One proposed mechanism involves CC-885’s interaction with mitophagy regulators, including PINK1 and Parkin, which coordinate tagging of damaged mitochondria for autophagic degradation. Under normal conditions, PINK1 stabilizes on the outer mitochondrial membrane of dysfunctional organelles, recruiting Parkin to ubiquitinate mitochondrial proteins and signal their removal. However, CC-885-treated cells exhibited reduced Parkin recruitment, impairing the ubiquitination of mitochondrial substrates and preventing their recognition by the autophagic machinery. This disruption in ubiquitin signaling may stem from CC-885’s modulation of E3 ubiquitin ligase activity, indirectly affecting pathways required for mitochondrial turnover.
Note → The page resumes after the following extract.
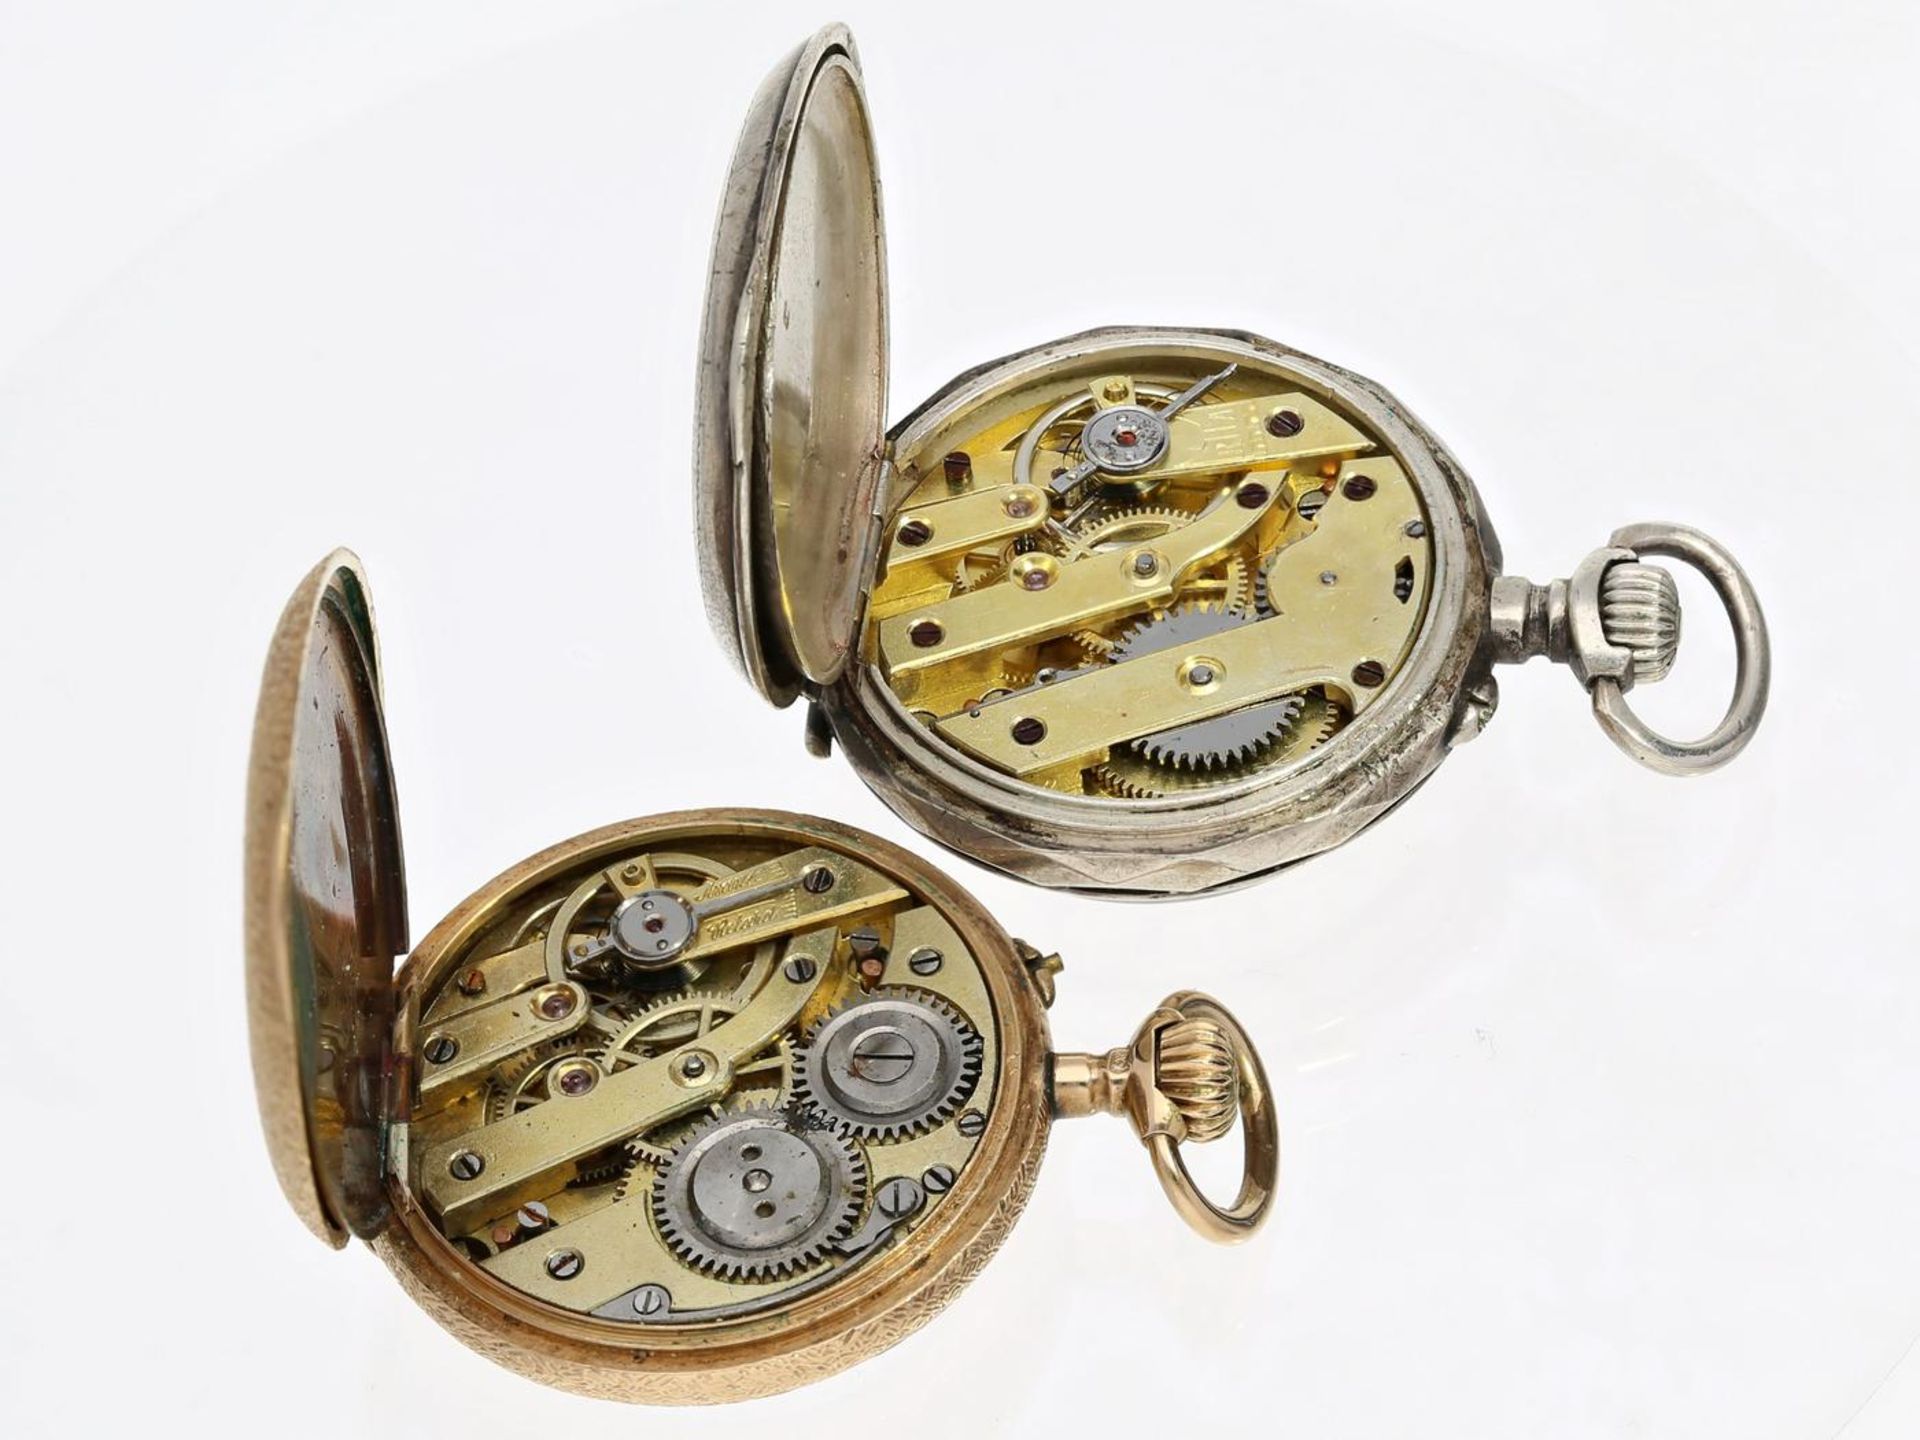 Taschenuhr: Konvolut von 2 Damenuhren um 1900, Gold/Silber 1. ca. Ø29mm, ca. 19,5g, dekoratives, - Bild 2 aus 3

Interplay With Intracellular Signaling

CC-885’s impact extends beyond targeted protein degradation, influencing intracellular signaling networks that regulate cell survival, stress responses, and metabolism. By modulating cereblon-dependent ubiquitination, CC-885 alters the stability of proteins involved in signal transduction, leading to downstream effects on cellular physiology. One notable consequence of CC-885 treatment is the disruption of protein homeostasis in rapidly dividing cells, particularly in cancer models where dysregulated signaling drives uncontrolled proliferation. The degradation of GSPT1, for example, not only affects translation termination but also interferes with pathways linked to cell cycle progression, reinforcing the compound’s cytotoxic effects.

Beyond its effects on cell growth, CC-885 has been shown to modulate pathways associated with mitochondrial function and energy metabolism. Given its inhibition of mitophagy, disruptions in mitochondrial quality control may lead to altered reactive oxygen species (ROS) production and changes in redox signaling. Elevated ROS levels can activate stress-responsive kinases such as p38 MAPK and JNK, which influence apoptotic and survival pathways depending on cellular context. In certain cancer cell lines, CC-885 treatment has been associated with increased oxidative stress and enhanced sensitivity to mitochondrial dysfunction, suggesting a potential therapeutic window for exploiting its effects in malignancies dependent on mitochondrial integrity. The compound’s ability to reshape intracellular signaling networks highlights its broader biological impact, warranting further investigation into its applications beyond targeted protein degradation.